I did manage to do a little sewing last month. Before then I hadn't sewn since early in my pregnancy; probably last October. Except for a little project I did for Lee. He came over one day with his favorite Superman T-shirt, and his "over-hauls". As he walked in the house was filled with the warm aroma of a smoldering cigarette butt.

Lee explained his idea for modifying his garments and asked if I could do it for him. This entailed cutting the "S" Superman emblem from the T-shirt and sewing it onto the bib of his "over-hauls". I told him that I would do it.

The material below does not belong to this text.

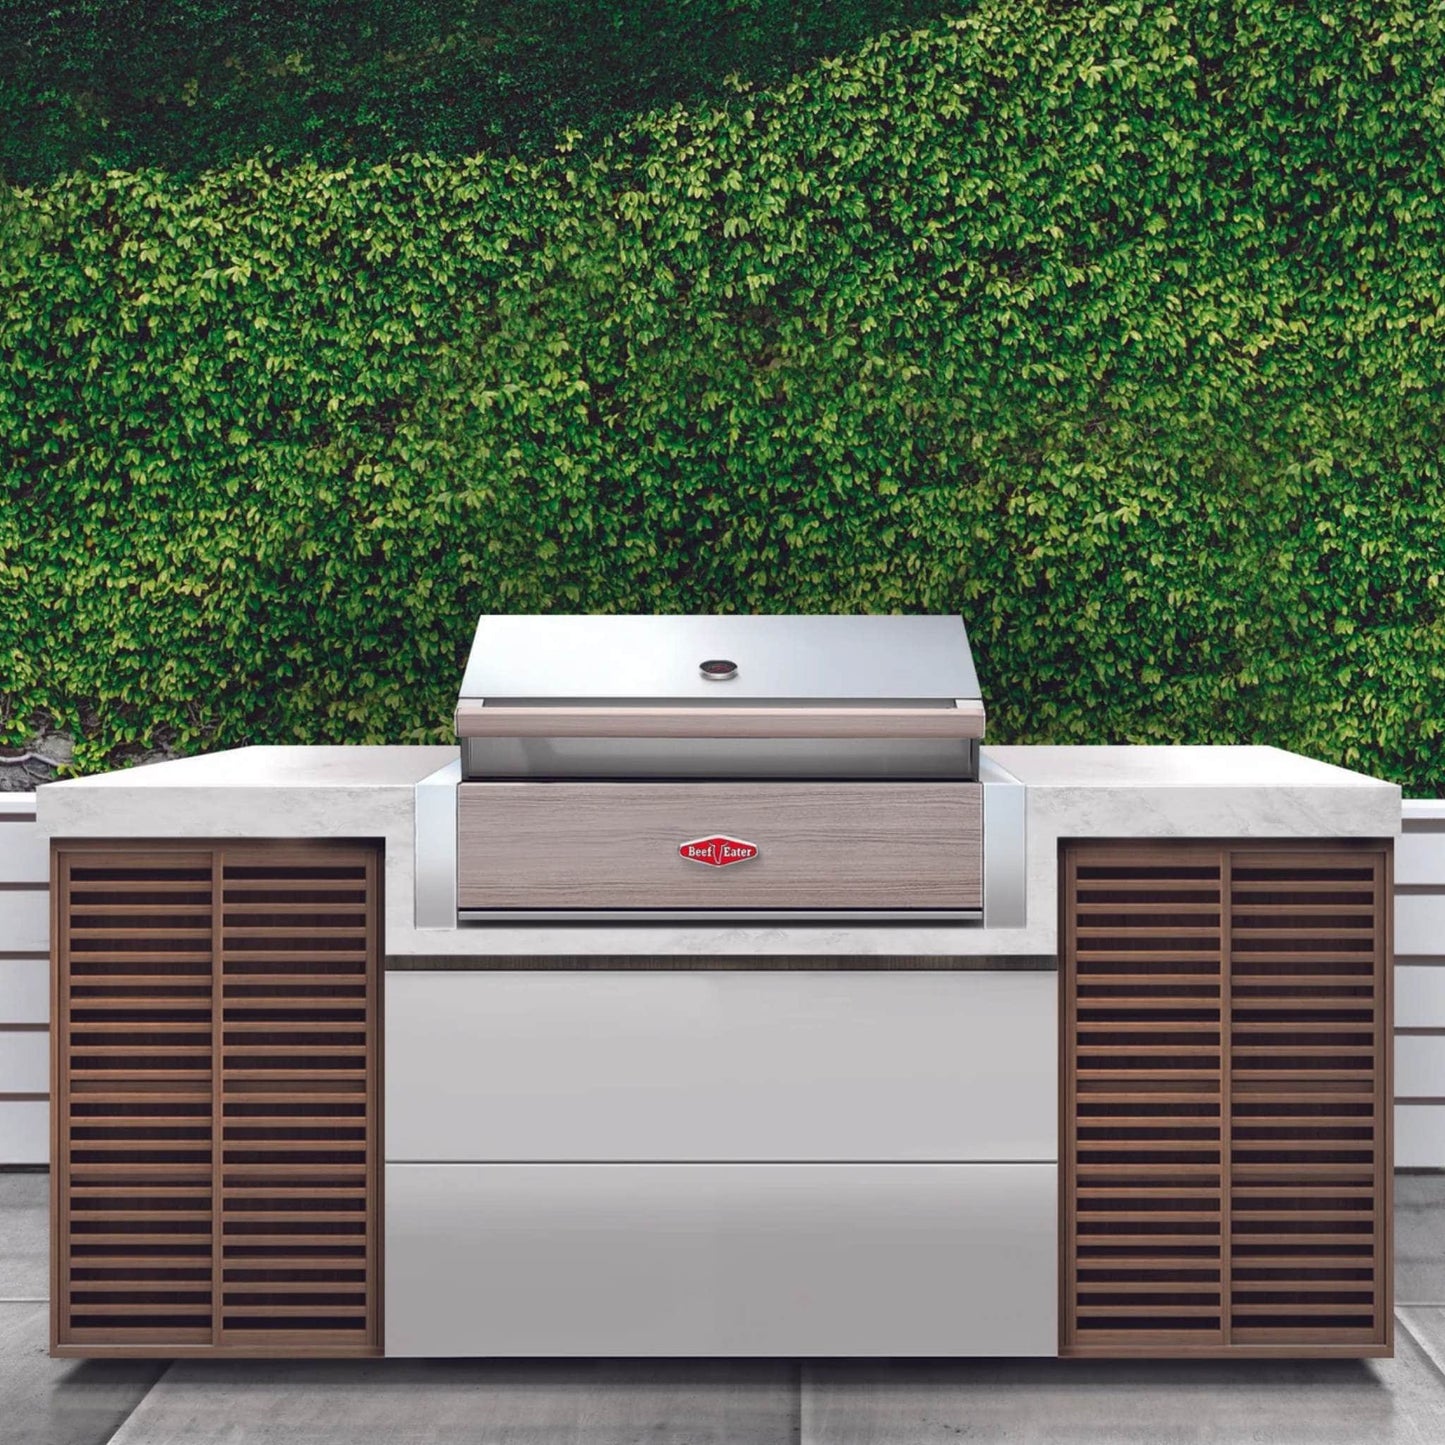 BeefEater 1500 Series - 4 Burner Built In BBQ

He said "Thanks a lot Jill, you know I'll make it up to you somehow. I just need tuh get it done b'fore tonight. I'm gonna ride my bike downtown an go see 'at show"

I wasn't sure what show he was referring to, but I figured an outfit like that is appropriate for any event or occasion.





Fox thought it was the coolest thing he had ever seen and immediately wanted to change his overalls to match Lee's. I said no. Not till he fully outgrew his Superman tank.